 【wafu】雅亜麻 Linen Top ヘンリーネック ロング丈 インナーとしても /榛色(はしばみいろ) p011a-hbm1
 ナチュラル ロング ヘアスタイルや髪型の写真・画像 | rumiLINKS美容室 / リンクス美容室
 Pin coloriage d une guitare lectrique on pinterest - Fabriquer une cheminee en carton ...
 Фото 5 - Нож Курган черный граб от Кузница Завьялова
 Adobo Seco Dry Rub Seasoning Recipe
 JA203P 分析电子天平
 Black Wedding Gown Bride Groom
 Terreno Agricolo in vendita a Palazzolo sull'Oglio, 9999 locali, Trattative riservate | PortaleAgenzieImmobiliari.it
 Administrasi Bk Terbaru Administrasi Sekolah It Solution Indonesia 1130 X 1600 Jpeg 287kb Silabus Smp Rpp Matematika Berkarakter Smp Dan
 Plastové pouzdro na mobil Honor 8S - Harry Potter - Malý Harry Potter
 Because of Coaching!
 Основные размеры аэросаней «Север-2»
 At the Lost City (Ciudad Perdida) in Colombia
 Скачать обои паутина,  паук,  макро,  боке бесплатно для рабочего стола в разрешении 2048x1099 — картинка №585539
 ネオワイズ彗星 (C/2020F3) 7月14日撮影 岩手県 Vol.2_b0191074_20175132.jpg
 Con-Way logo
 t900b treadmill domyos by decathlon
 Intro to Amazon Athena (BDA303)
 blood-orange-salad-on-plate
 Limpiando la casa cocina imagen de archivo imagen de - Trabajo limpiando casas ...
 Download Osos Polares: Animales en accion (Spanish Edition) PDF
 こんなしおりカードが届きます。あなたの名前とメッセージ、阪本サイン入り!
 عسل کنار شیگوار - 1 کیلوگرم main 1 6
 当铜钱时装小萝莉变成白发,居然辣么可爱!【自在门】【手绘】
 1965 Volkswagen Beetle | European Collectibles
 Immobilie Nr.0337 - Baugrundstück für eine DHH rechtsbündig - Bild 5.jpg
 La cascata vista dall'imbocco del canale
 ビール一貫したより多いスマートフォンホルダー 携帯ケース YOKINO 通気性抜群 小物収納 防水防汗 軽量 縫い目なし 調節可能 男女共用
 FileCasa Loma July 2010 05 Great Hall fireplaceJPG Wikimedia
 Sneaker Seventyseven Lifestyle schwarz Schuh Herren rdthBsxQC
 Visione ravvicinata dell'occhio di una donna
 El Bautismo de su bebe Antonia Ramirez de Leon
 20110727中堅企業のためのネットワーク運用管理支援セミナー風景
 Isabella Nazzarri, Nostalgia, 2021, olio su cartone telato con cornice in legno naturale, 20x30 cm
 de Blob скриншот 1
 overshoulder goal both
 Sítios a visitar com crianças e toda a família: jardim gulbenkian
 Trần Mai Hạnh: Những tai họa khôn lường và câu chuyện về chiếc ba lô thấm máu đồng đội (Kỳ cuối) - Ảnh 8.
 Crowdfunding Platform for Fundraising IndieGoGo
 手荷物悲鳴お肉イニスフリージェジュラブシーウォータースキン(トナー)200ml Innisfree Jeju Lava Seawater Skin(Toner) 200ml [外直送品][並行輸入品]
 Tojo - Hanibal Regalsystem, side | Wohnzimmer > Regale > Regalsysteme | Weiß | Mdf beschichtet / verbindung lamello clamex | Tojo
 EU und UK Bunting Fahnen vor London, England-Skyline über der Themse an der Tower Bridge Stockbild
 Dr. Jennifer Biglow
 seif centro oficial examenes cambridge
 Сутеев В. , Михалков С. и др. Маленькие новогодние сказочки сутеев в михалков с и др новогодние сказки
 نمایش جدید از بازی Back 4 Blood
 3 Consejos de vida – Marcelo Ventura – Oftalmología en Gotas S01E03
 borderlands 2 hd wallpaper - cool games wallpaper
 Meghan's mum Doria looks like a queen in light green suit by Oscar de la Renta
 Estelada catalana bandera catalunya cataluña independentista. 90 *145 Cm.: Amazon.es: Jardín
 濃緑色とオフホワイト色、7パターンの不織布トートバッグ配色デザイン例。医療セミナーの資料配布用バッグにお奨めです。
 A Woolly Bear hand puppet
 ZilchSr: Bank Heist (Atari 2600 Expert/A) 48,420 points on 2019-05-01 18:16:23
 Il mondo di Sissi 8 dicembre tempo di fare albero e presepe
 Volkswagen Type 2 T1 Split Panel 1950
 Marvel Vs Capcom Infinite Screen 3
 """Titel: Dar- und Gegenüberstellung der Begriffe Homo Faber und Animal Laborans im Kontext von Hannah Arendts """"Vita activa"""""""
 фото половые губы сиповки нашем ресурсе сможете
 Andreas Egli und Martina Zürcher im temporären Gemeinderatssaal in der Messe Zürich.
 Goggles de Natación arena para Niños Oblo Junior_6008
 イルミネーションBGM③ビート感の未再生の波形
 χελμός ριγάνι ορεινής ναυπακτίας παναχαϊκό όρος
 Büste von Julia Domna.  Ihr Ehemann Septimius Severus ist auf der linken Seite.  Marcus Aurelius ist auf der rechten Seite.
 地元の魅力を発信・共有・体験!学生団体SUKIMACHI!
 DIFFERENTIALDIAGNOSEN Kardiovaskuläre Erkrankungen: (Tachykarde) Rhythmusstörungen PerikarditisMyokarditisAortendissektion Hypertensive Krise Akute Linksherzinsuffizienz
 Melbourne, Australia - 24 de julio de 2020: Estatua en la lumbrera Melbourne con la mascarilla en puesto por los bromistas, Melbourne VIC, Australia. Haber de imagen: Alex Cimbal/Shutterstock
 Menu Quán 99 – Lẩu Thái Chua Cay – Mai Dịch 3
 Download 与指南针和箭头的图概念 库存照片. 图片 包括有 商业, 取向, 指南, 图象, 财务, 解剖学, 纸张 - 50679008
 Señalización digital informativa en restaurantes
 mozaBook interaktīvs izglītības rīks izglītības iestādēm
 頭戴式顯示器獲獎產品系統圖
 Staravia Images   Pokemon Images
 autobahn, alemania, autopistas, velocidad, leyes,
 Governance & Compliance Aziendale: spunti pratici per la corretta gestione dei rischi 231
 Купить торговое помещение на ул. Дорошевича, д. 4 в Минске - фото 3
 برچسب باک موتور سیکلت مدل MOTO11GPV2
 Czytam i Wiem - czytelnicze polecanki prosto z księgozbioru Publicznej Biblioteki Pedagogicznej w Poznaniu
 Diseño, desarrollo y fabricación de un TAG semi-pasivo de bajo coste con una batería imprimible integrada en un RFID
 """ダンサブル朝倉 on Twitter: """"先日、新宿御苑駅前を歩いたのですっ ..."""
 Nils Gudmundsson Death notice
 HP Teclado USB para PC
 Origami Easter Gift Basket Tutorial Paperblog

# [ACTIVITY]
In the listing above, find the line containing "Büste von Julia" and the line containing "Menu Quán 99", then retype both and every line between them exactly, with nothing else.

# [EXERCISE SOLUTION]
 Büste von Julia Domna.  Ihr Ehemann Septimius Severus ist auf der linken Seite.  Marcus Aurelius ist auf der rechten Seite.
 地元の魅力を発信・共有・体験!学生団体SUKIMACHI!
 DIFFERENTIALDIAGNOSEN Kardiovaskuläre Erkrankungen: (Tachykarde) Rhythmusstörungen PerikarditisMyokarditisAortendissektion Hypertensive Krise Akute Linksherzinsuffizienz
 Melbourne, Australia - 24 de julio de 2020: Estatua en la lumbrera Melbourne con la mascarilla en puesto por los bromistas, Melbourne VIC, Australia. Haber de imagen: Alex Cimbal/Shutterstock
 Menu Quán 99 – Lẩu Thái Chua Cay – Mai Dịch 3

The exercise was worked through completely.